The transition dipole in hBN quantum emitters rotates continuously with photon energy because of phonon coupling to nuclear motion.

A machine-rendered reading of the paper's core claim, the machinery that carries it, and where it could break.

The paper establishes that the transition dipole moment of single hexagonal boron nitride quantum emitters is not a fixed vector set by lattice symmetry. Instead, it rotates by up to 40 degrees as the emitted photon energy changes across the vibronic sideband at room temperature. This rotation vanishes at 6 K, where acoustic phonons are frozen out, showing that thermally populated lattice vibrations displace the nuclei and alter the dipole orientation. First-principles calculations on representative defects reproduce the energy-dependent tilt, with larger rotations in strongly coupled defects.
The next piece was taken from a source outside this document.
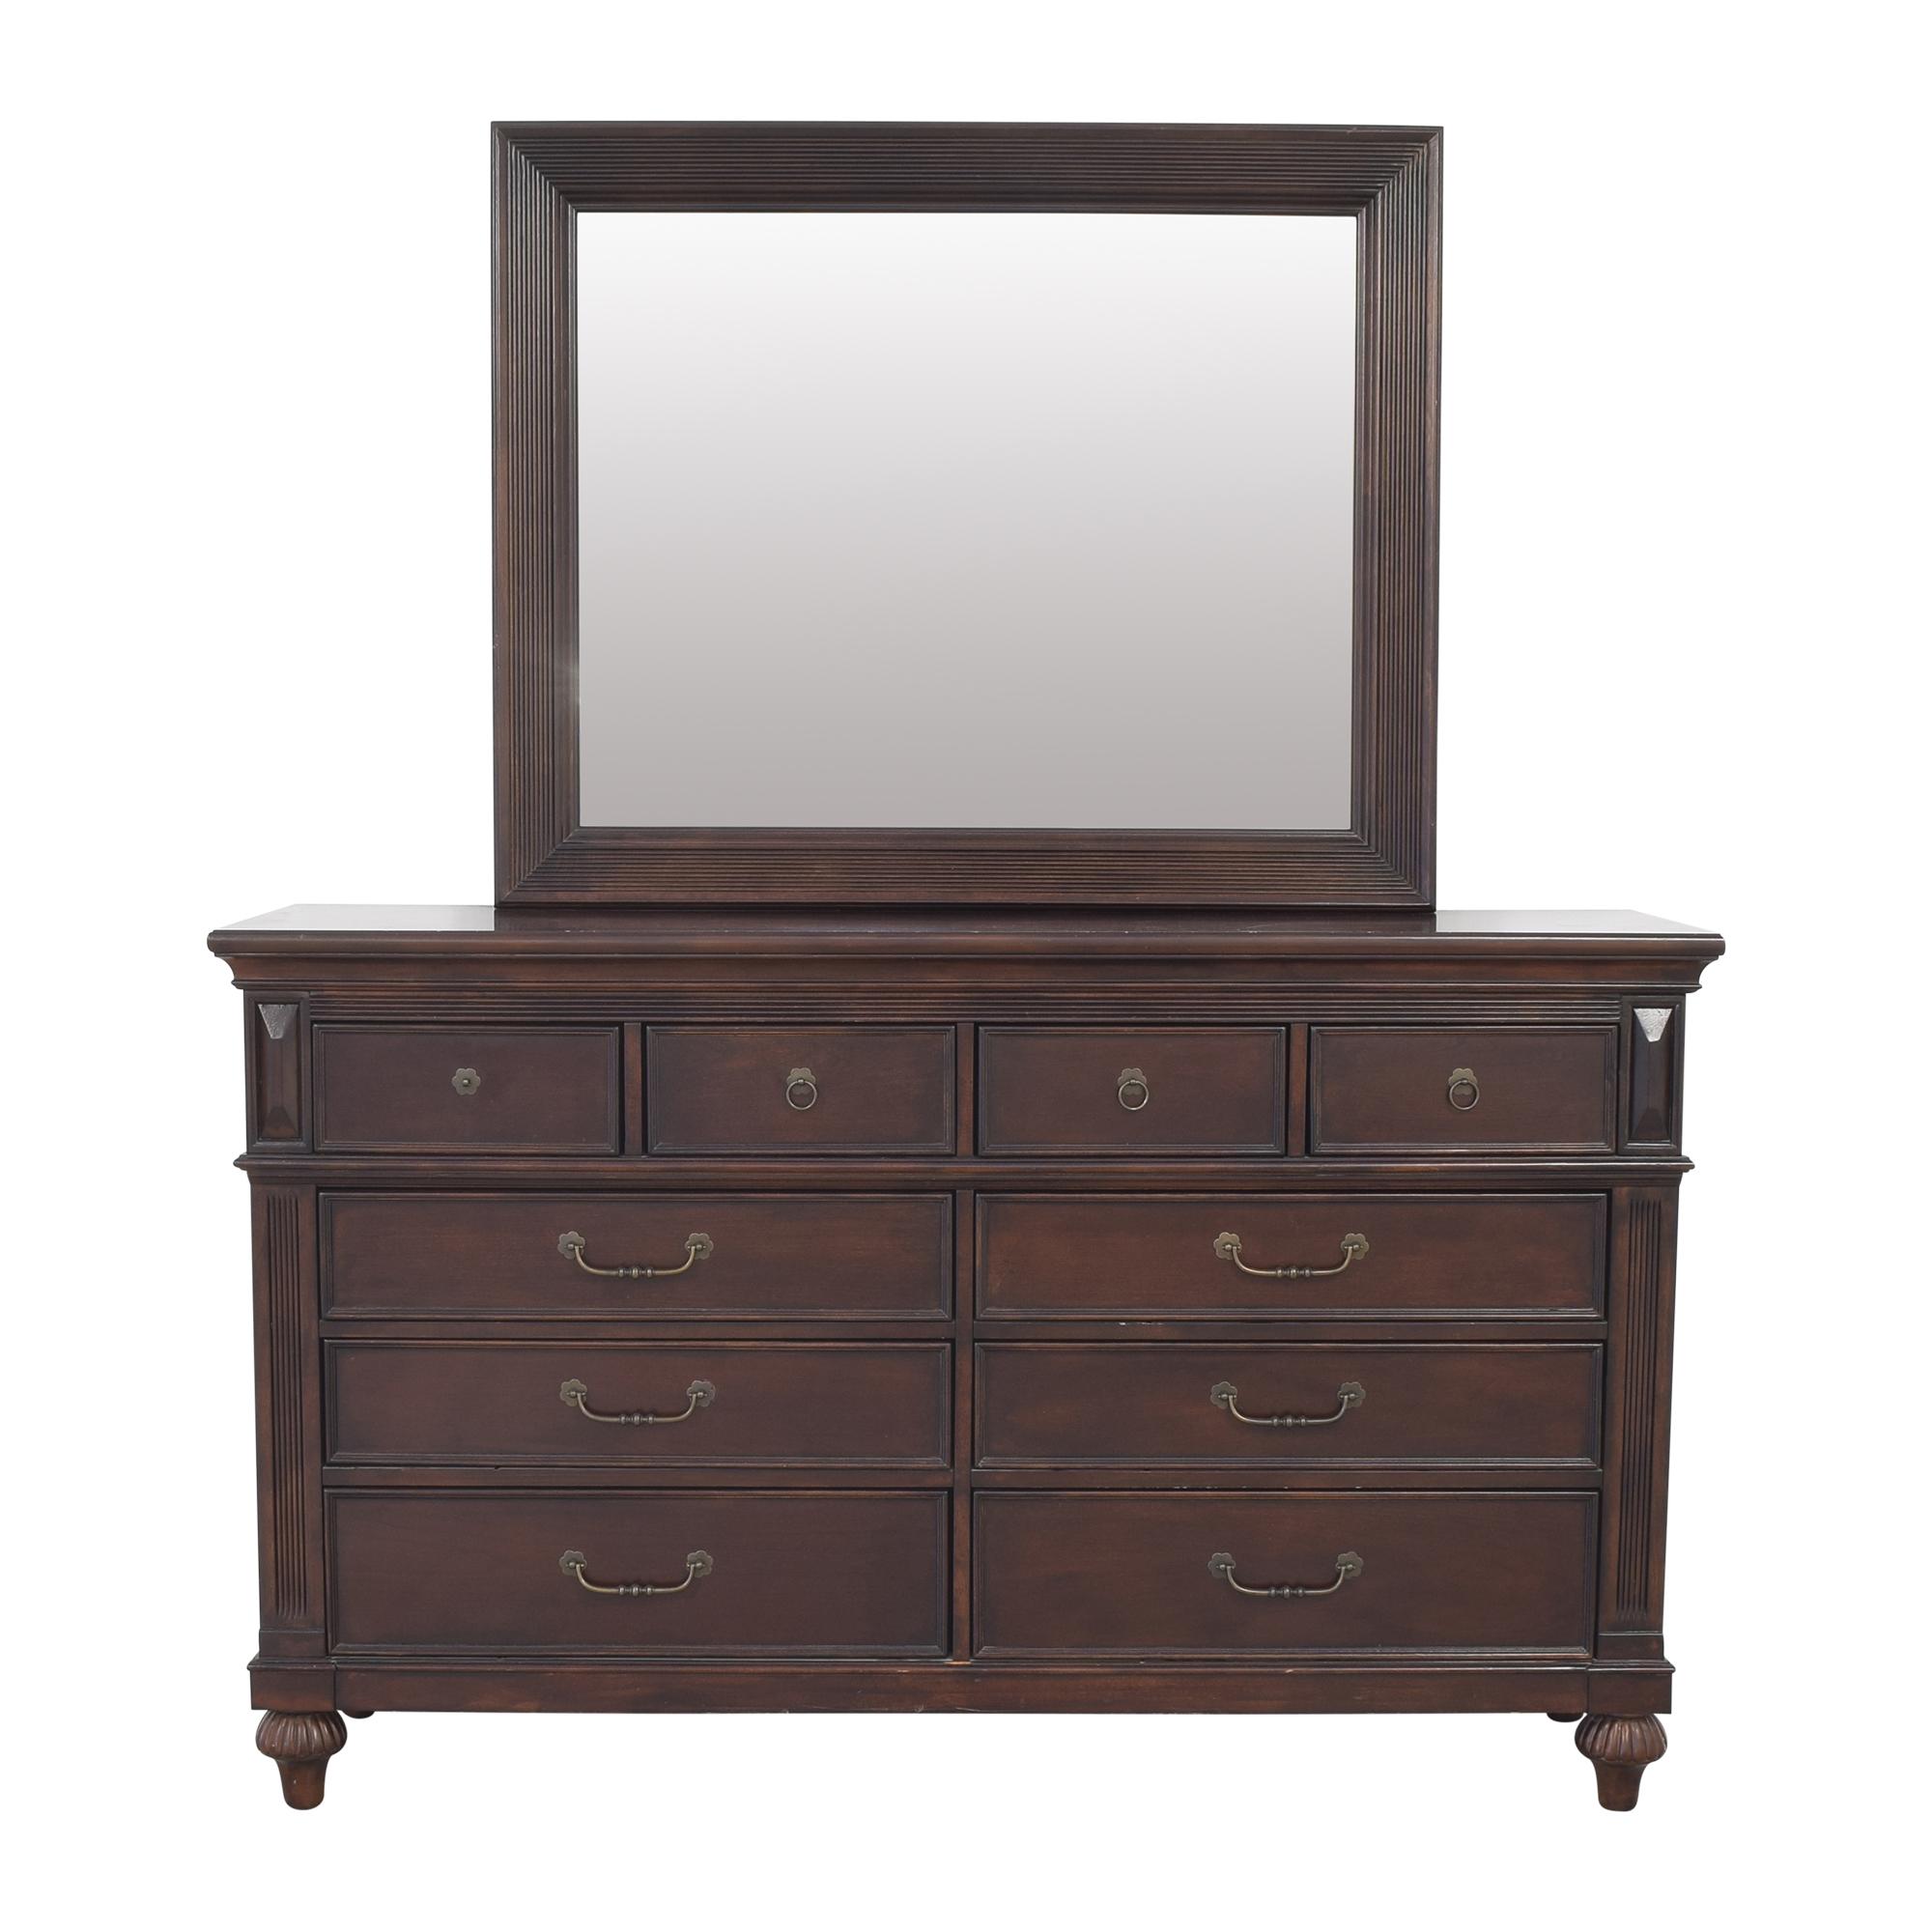 buy Klaussner Wide Dresser and Mirror Klaussner Dressers

The result demonstrates that these emitters function outside the Condon approximation, in which the dipole is assumed constant regardless of nuclear positions.

Core claim

Single hBN quantum emitters operate beyond the Condon approximation: their transition dipole orientation depends on the instantaneous nuclear configuration set by phonon displacements, producing a continuous rotation of the emission dipole that reaches 40 degrees across the vibronic manifold at room temperature and is suppressed when acoustic phonon occupation is negligible at cryogenic temperature.

What carries the argument

Phonon-displaced nuclear geometries that shift the transition dipole orientation away from its zero-phonon-line value, with the size of the shift scaling with electron-phonon coupling strength.

If this is right

  • Polarization fidelity in solid-state quantum networks is fundamentally limited at room temperature unless spectral filtering or cryogenic operation is used.
  • Device modeling must incorporate energy-dependent dipole orientation rather than a single static vector.
  • Defect engineering can tune the magnitude of the rotation by controlling electron-phonon coupling strength.
  • The same phonon-driven mechanism applies to other solid-state emitters with strong vibronic sidebands.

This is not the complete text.